Exercise objective ▸ Look for the line with "Hammer on wood planks" in the data below, then reproduce word for word that line and every line after it. Leave out all pictures and add nothing.

[Opening Supplied material section]

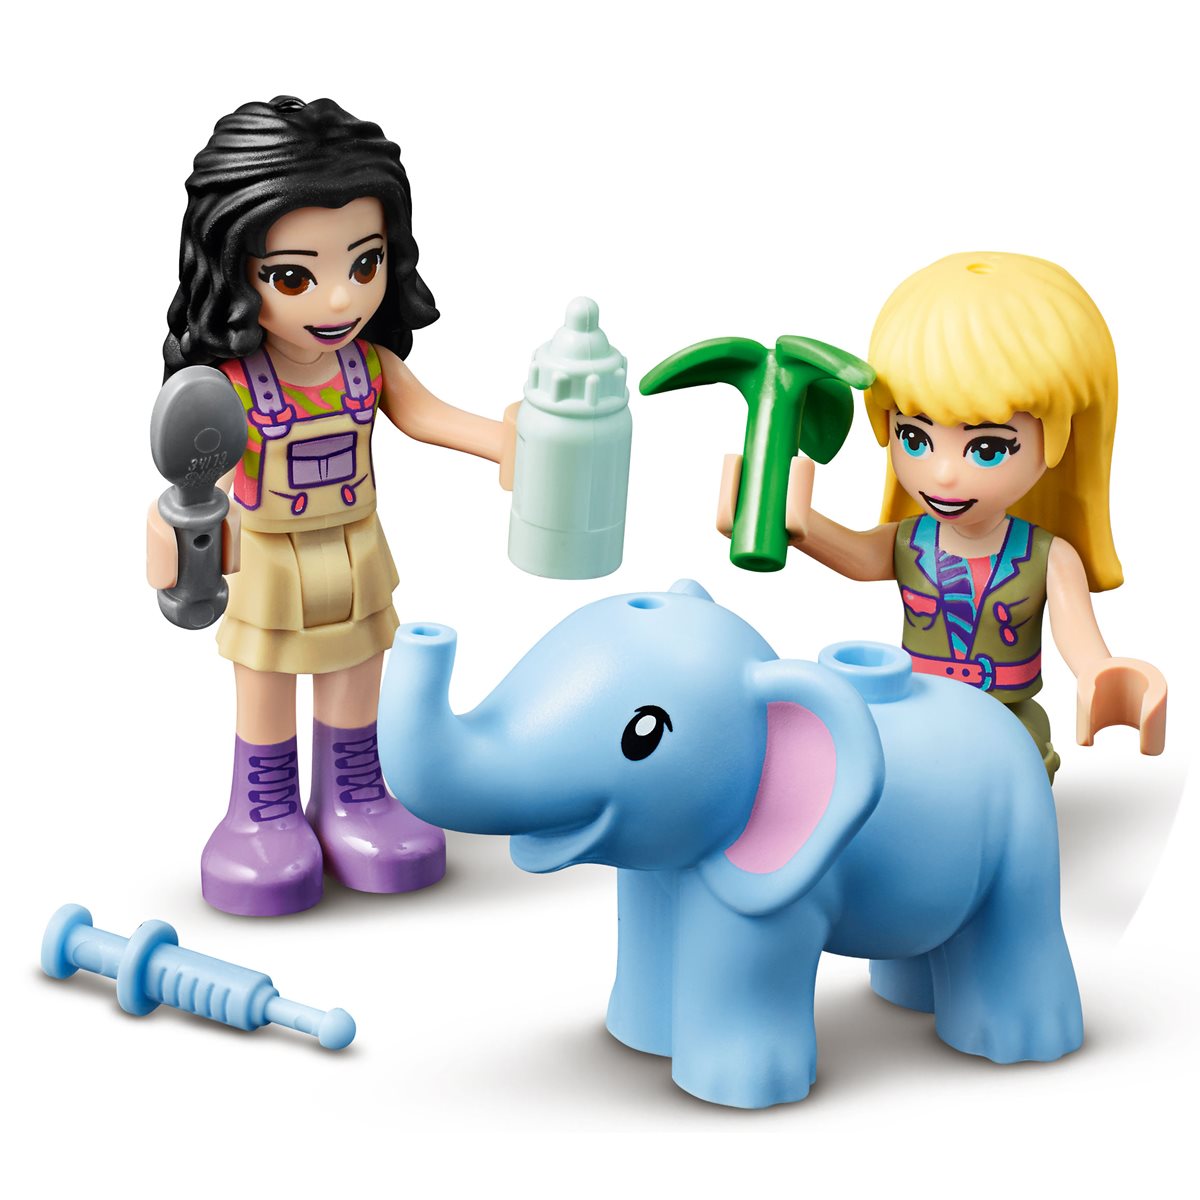 nb31 Lego Friends blau Baby Elefant
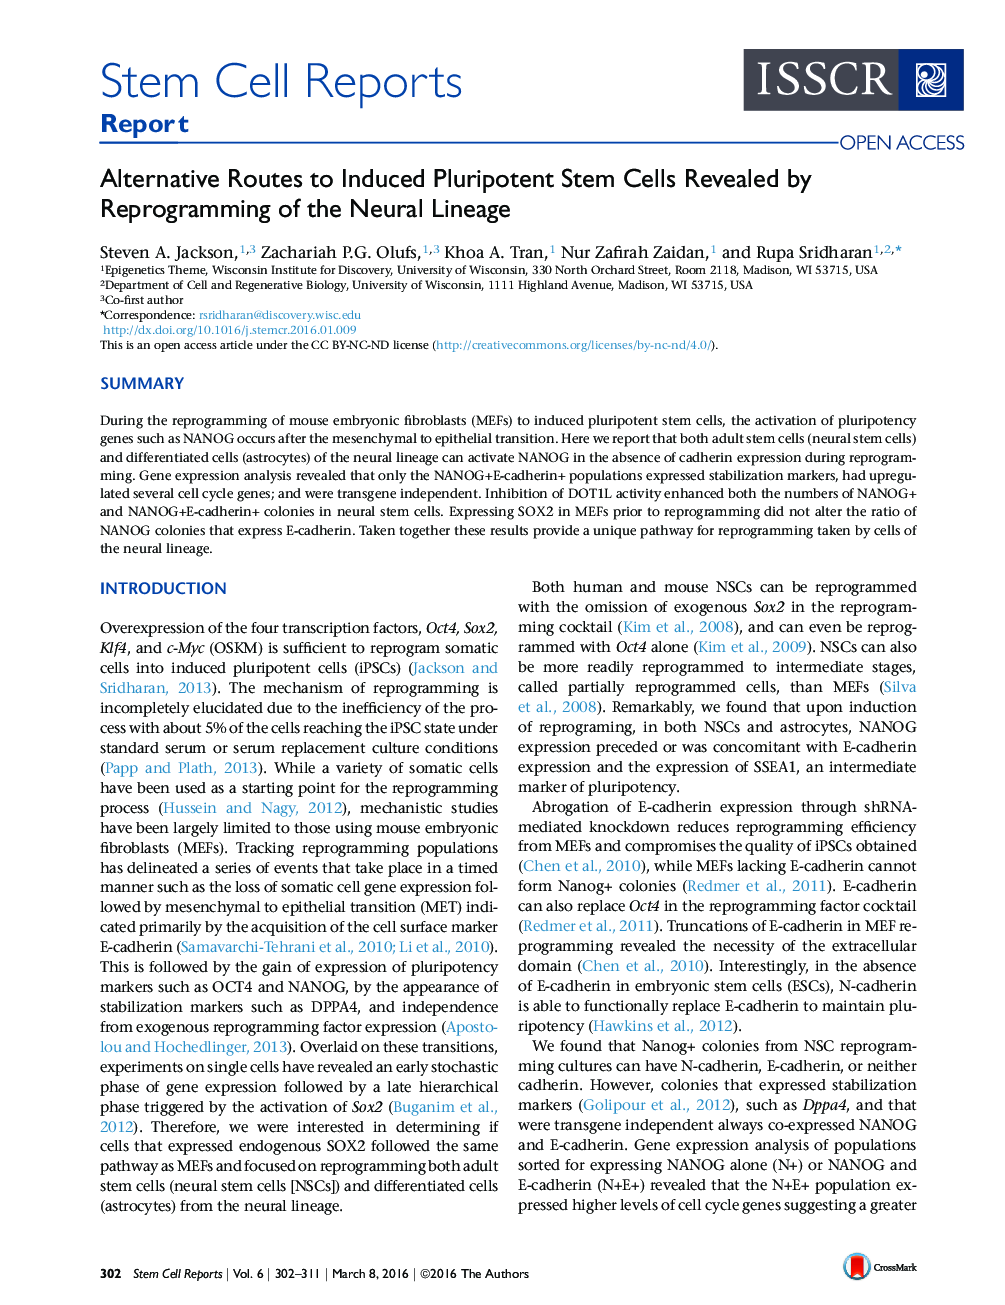 مسیرهای جایگزین برای سلول های بنیادی پلوروپتونی که توسط برنامه ریزی خطی عصبی مشخص شده اند 
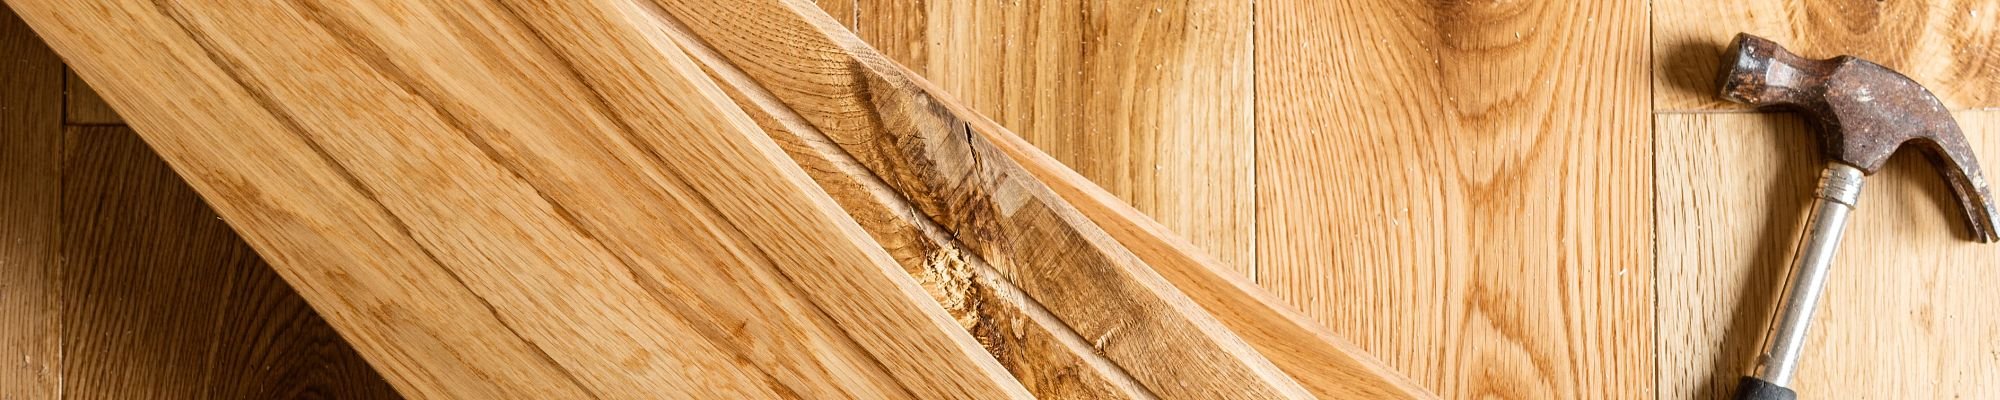 Hammer on wood planks
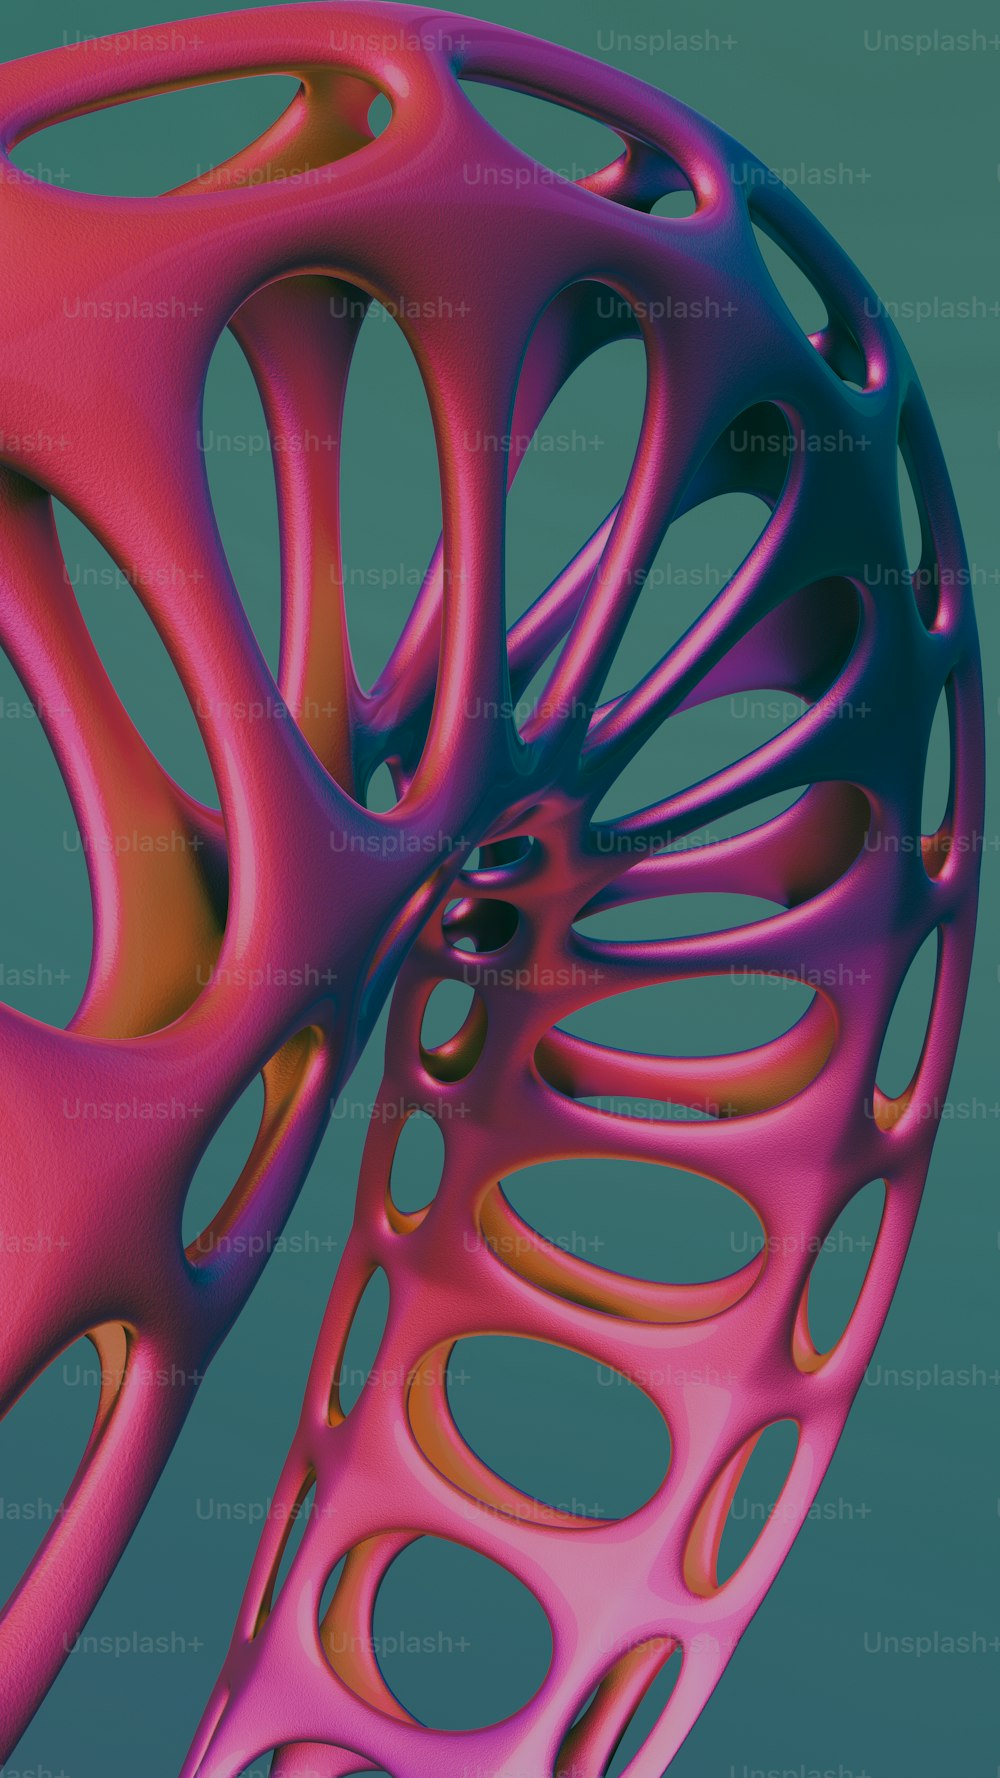 Une image 3D d’un objet rose et bleu

[Closing Supplied material section]

Exercise response ▸
 Hammer on wood planks
 Une image 3D d’un objet rose et bleu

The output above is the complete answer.